Saturday, 22 June 2013

My student life.

I left school when I was 14 with no GCSEs and have had a few disastrous attempts at trying to gain qualifications over the years before finding the right path.  
My first attempt at Open University was with technology course, code M150. Now, how I thought I could do this I will never know. First assignment, essay on The Large Hadron Collider. Ummm I didn't even know what it was without Google and couldn't even pronounce it until my other half told me, he’s done it with Cezanne and Shostakovich when I was doing my recently completed humanities module, what I'd do without him I'll never know! I must sound really dumb but honestly I'm not. This was just all new to me really, still is now, and sometimes I need a little nudge in the right direction. In my defence, I did pronounce Vecchio correctly the first time! ;-)
But anyway, going back to M150. Let’s say the assignment did not get submitted and neither did any others as I quickly knew I was in over my head and swiftly departed the world of OU. 
2 years later I found myself with the courage to try “brick” college, BTEC level 3 in Technology. Older and wiser? Not in this case. Well some of it I coped with, what stumped me was having to create a logo using arty, graphic programs. Oh and Excel! A problem I managed to deal with by doing ITQ levels 1 and 2 last year, yaay!
I didn't even make it to half term on that course. It really wasn't the right time or environment for me, all school leavers and me with kids closer to their age than I was. I also had some family issues that needed to be addressed too so I quit, again!
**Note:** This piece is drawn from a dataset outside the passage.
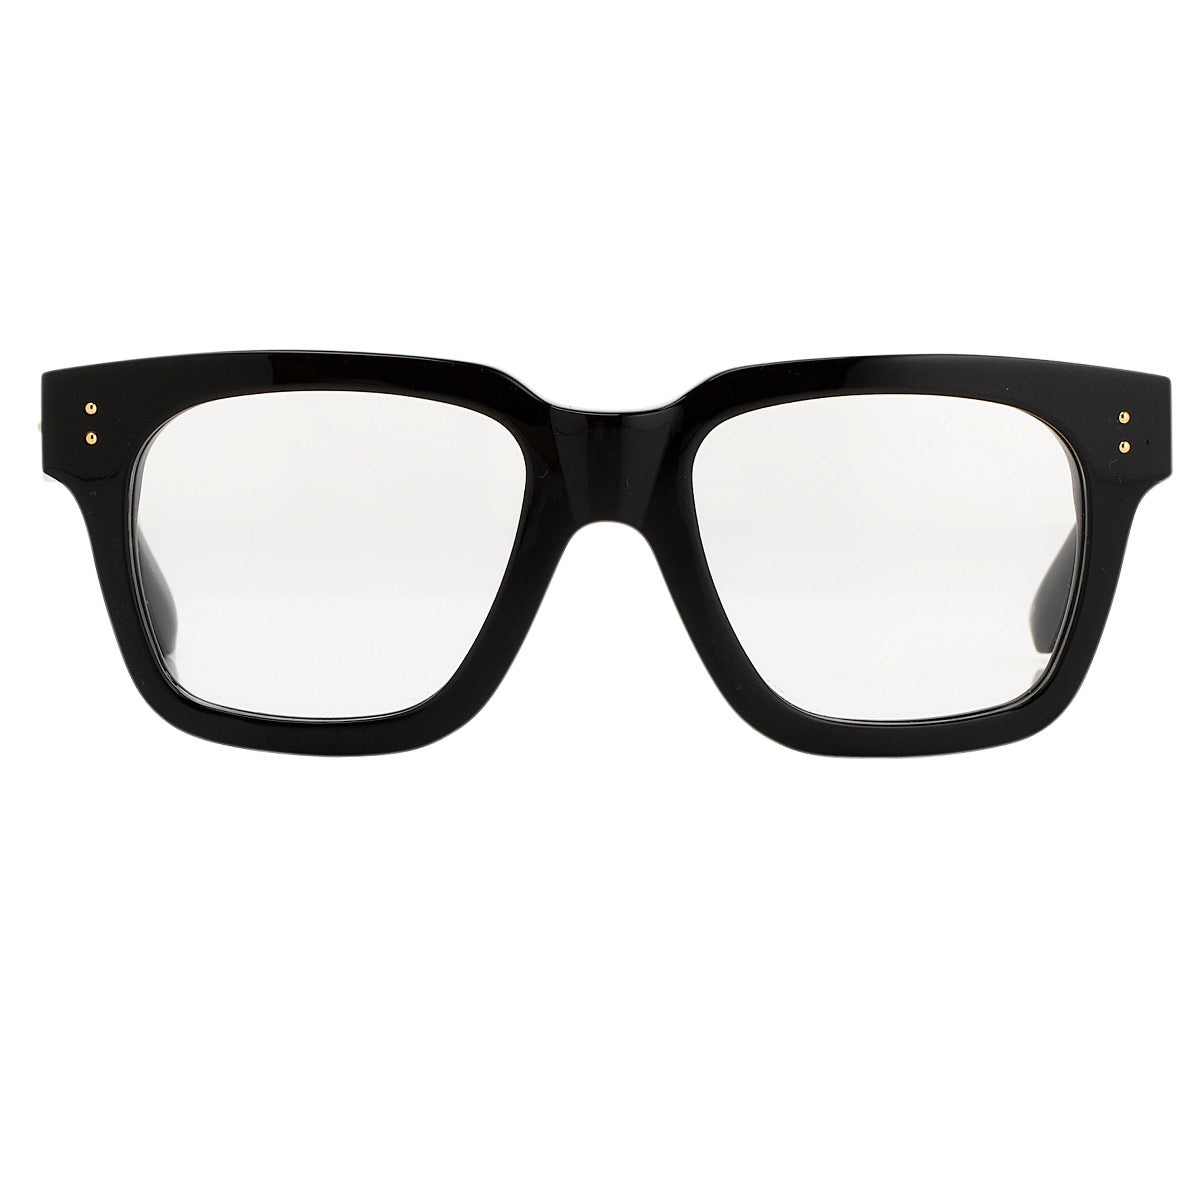 The Max Optical D-Frame in Black (C1)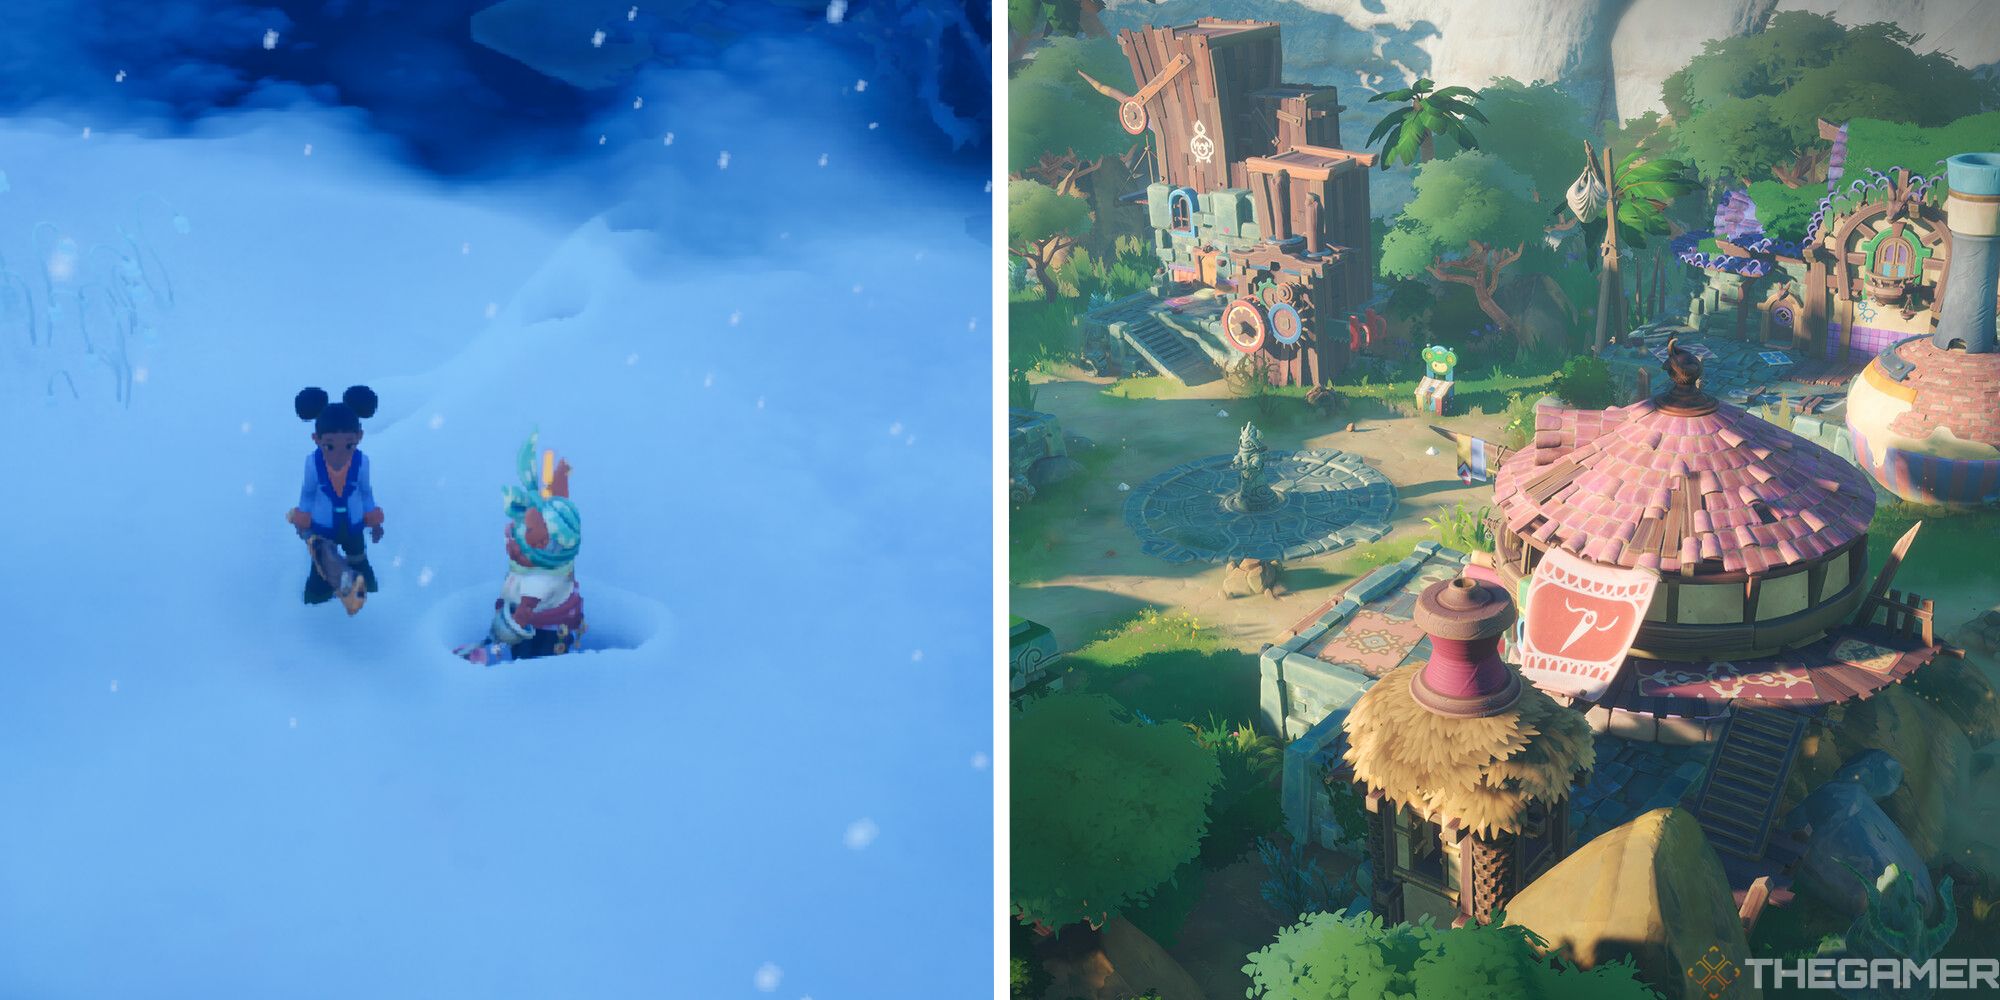 image of player and fiola next to image of upgraded plaza

Nearly three years later, I am on top form! As mentioned in previous blog posts, In the last two years I haven't stopped! I've successfully completed high grade GCSEs in Maths and English and ITQ levels 1 and 2. I've completed 60 credits out of 120 needed for level 1 of my degree, humanities/art history, with good grades but I should find out if I've passed the examinable final assignment in a few weeks. I'm also currently three assignments away from completing the second 60 credits, social sciences. Out of four assignments three of those gained a mark of 80%+ and two gained distinctions. 
So why now? What changed to enable me to do all this? On thinking about it, I've come to the realisation that Technology (to that high level) really isn't for me, No shit, Sherlock! However, it was the path that I thought was expected of me and not what I wanted. I was never going to succeed in something that my heart was never in so it’s really no wonder that I failed, if you can call it that. Is giving up on something because your heart’s not in it really failing?
Instead I started at the beginning, I got the qualifications that I was capable of; the ones I probably would have got if I didn’t leave school at 14. I got the IT qualifications that I was capable of too. Now I'm going for the big one, at least 3 years of hard work ahead of me, I'm almost a year into it now and just enrolled on level 2 modules starting in October and February.
How?
Simple…
I've been doing what I want to do, not what I think is expected of me and I'm absolutely loving it! I highly recommend it!